Playing the Haunted Mansion level

The player must complete five different stages, modeled after rides in Disney theme parks, as well as a trivia quest in order to retrieve the set of keys. The player chooses which stage to play by walking around the park in the game's overworld map.

The game features two vehicle stages with a top-down perspective. One of these stages is based on the Autopia ride and is a driving game in which the player must avoid various obstacles in a race against the villainous Panhandle Pete. The second, based on Big Thunder Mountain Railroad, has the player controlling a train on a track and having to choose the right path to take while avoiding obstacles.
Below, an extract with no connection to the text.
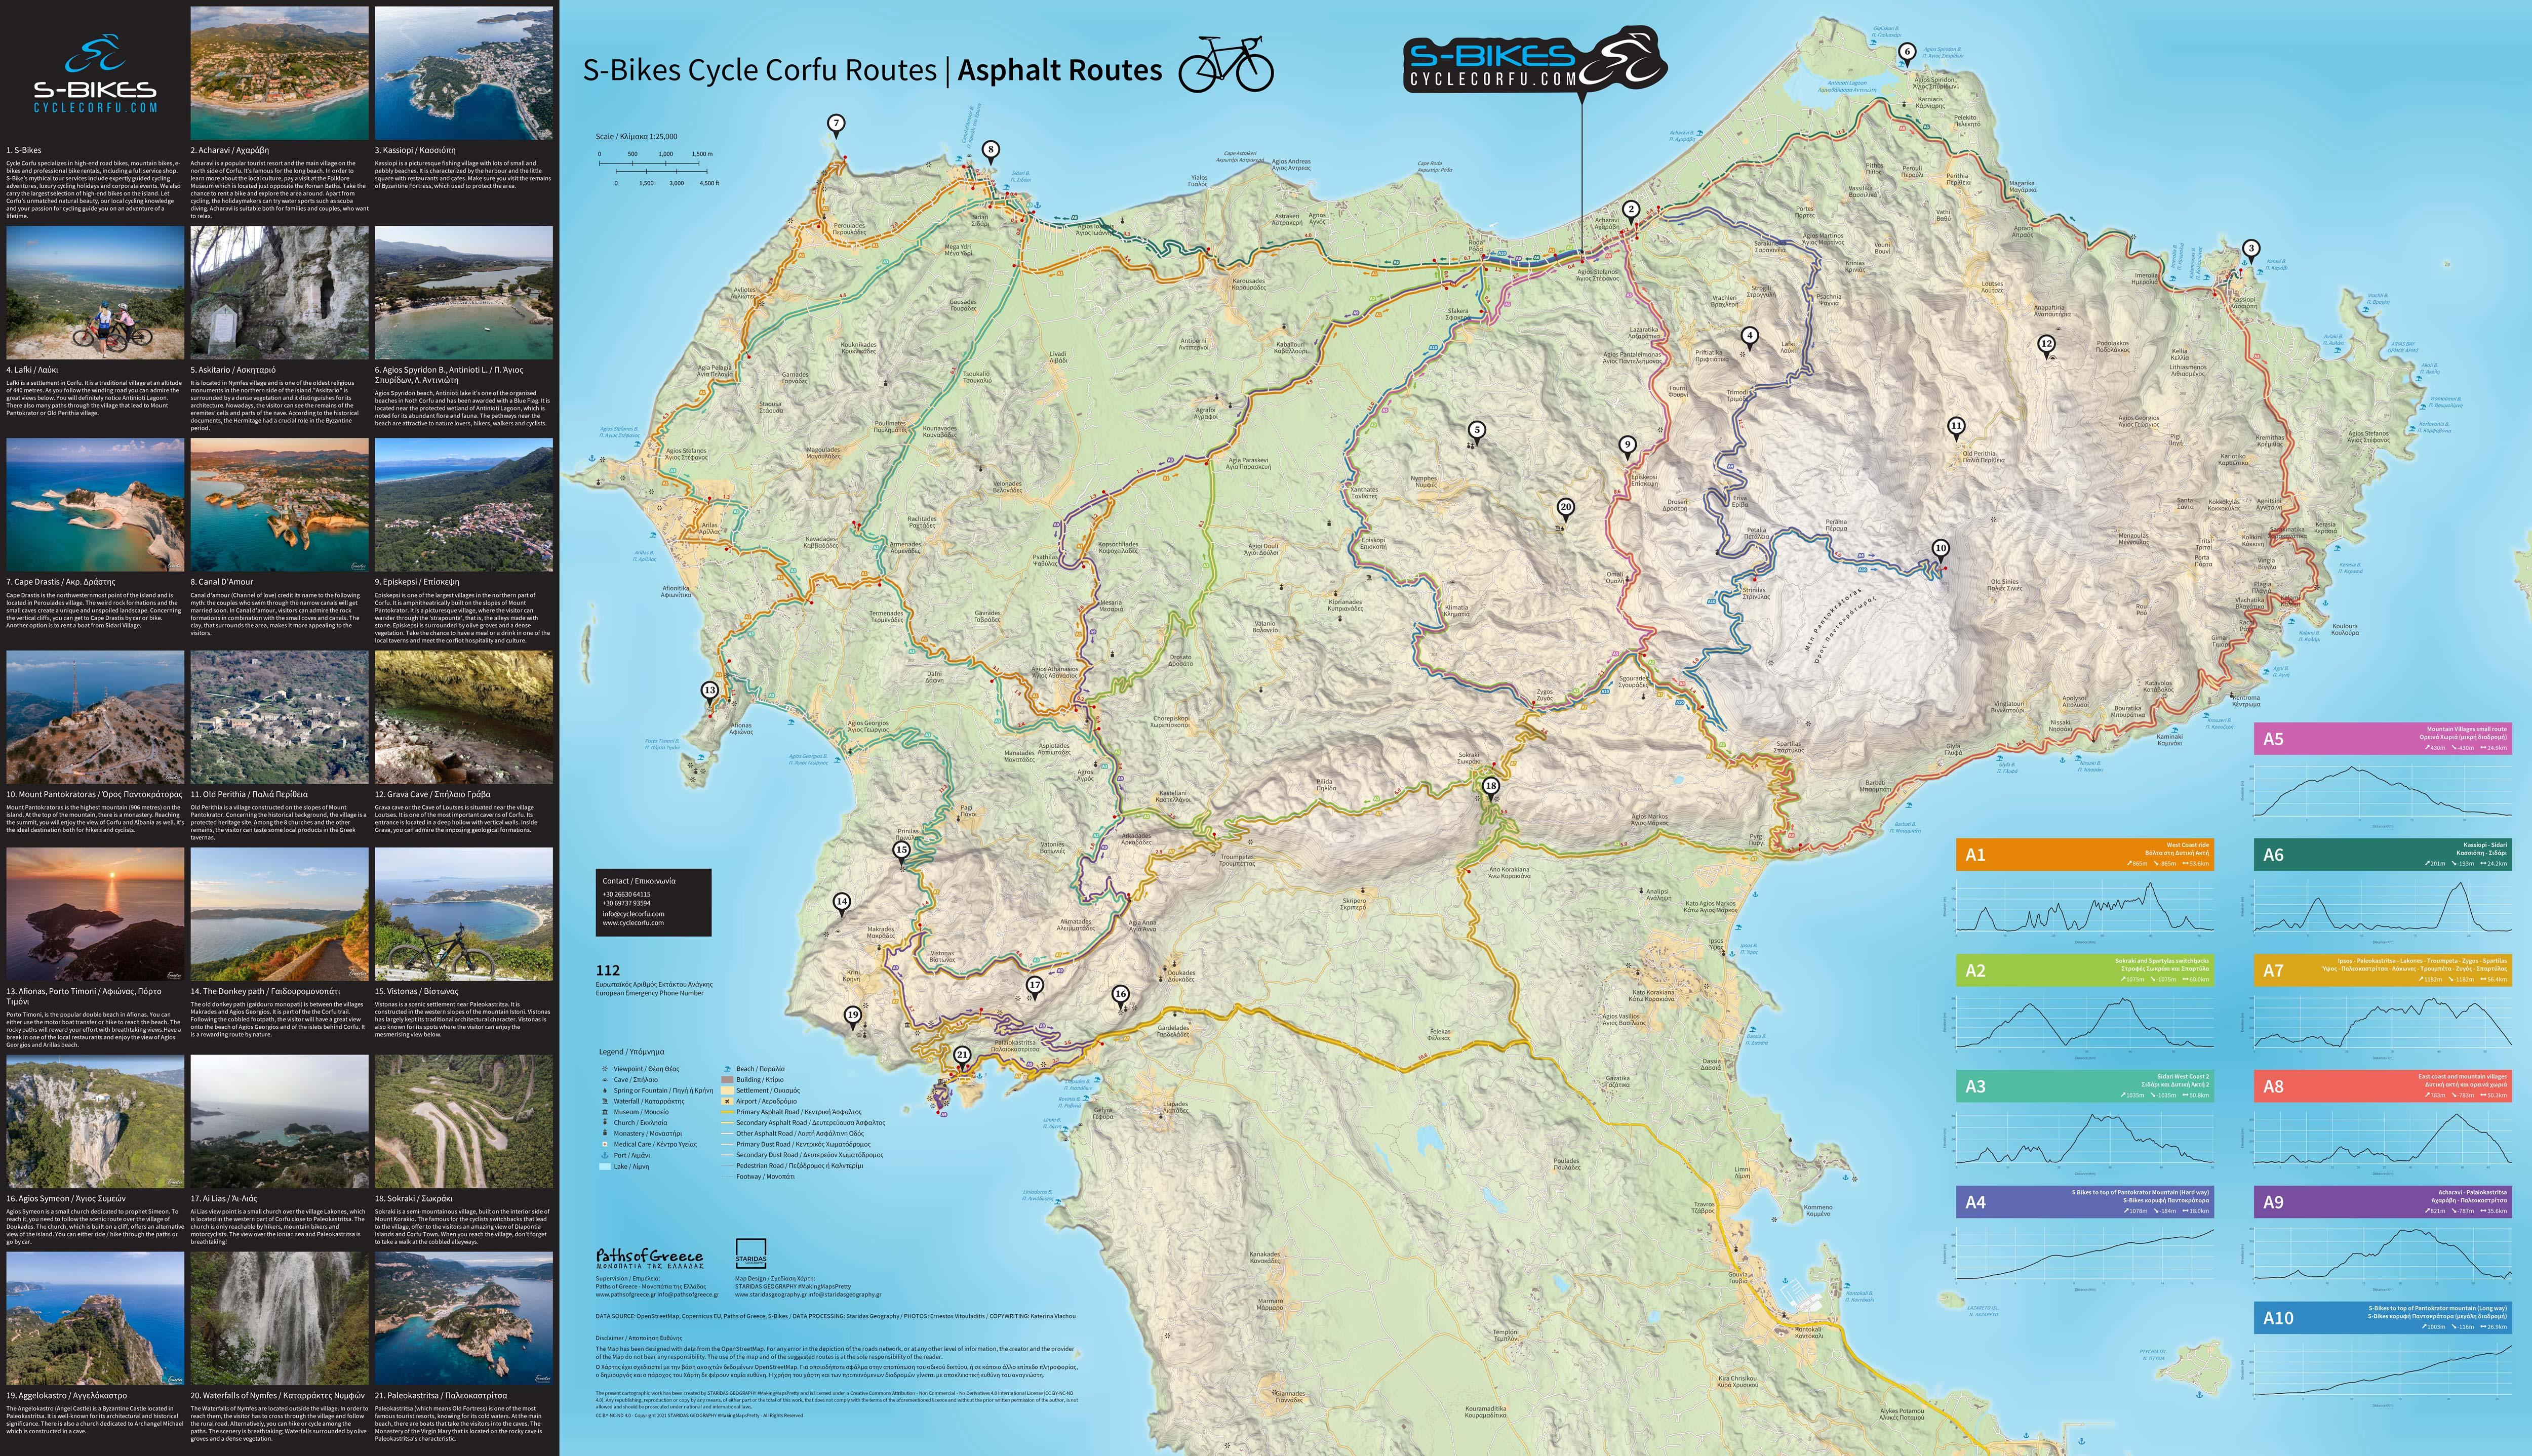 S-Bikes Cycle Corfu - Asphalt Routes
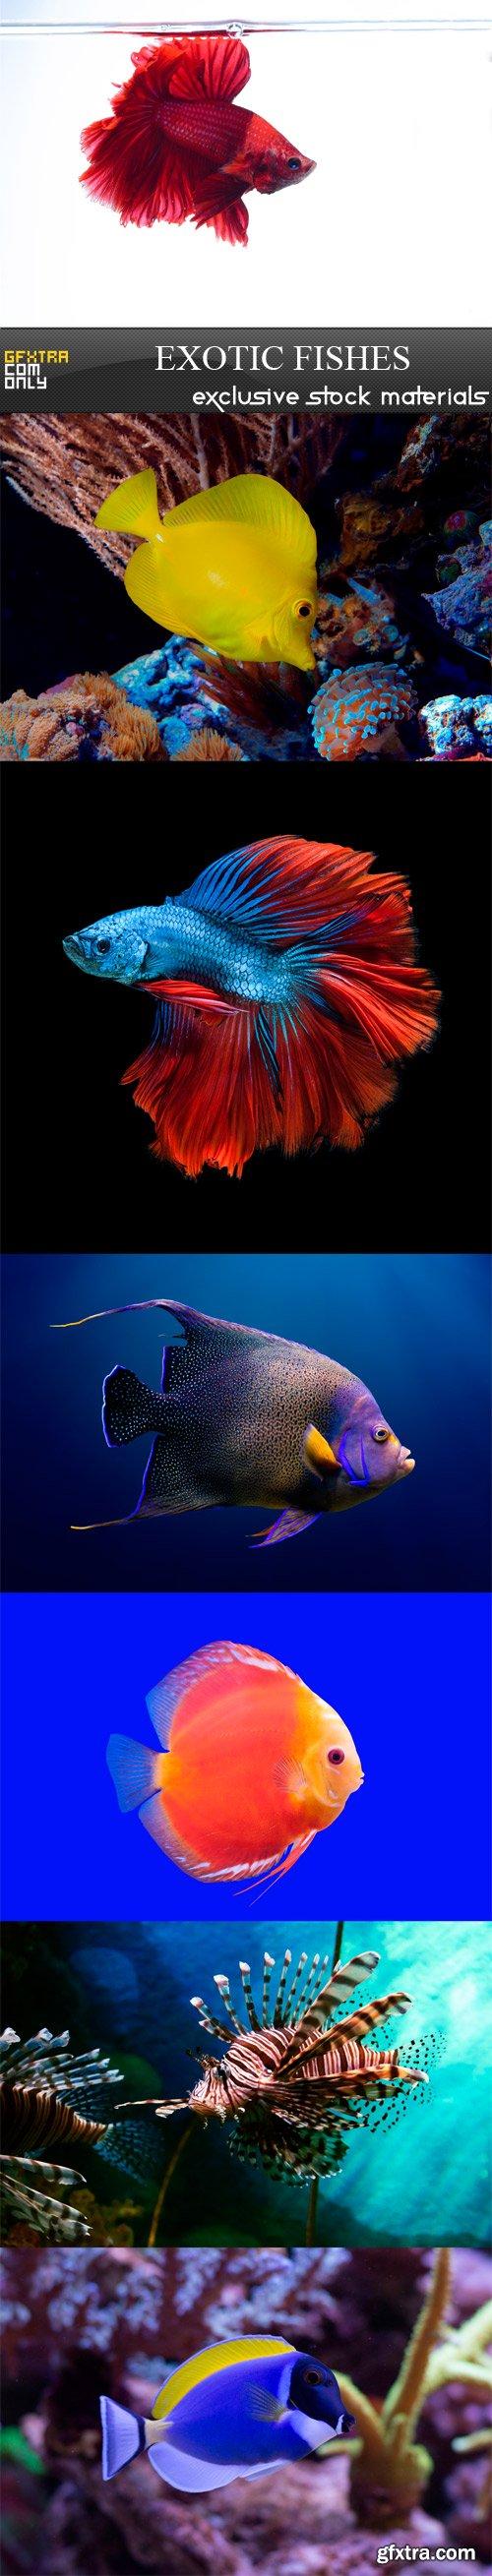 Exotic fishes - 7 UHQ JPEG

There are also two side-scrolling stages. In the Haunted Mansion stage, the player must defeat ghosts by throwing candles at them to retrieve one of the keys. The other side-scrolling stage is based on Pirates of the Caribbean and the player must rescue six villagers from pirates who have raided an island.

The Space Mountain stage is a first-person stage in which the player boards a spaceship with the mission to reach a certain star, maneuvering through asteroids while shooting enemy ships with a phaser. The trivia game is available to play at any time. Several children around the park ask the player questions about Disney films and characters; if these are answered correctly, the children will reveal the location of the final silver key.

==Reception==
Total! magazine gave the game an overall score of 44 out of 100 criticizing the game being unoriginal, having many glitches, easy gameplay that is boring with terrible collision detection concluding "Mickey's no Mario in this collection of sub-standard sub-games with a flimsy Disney connection".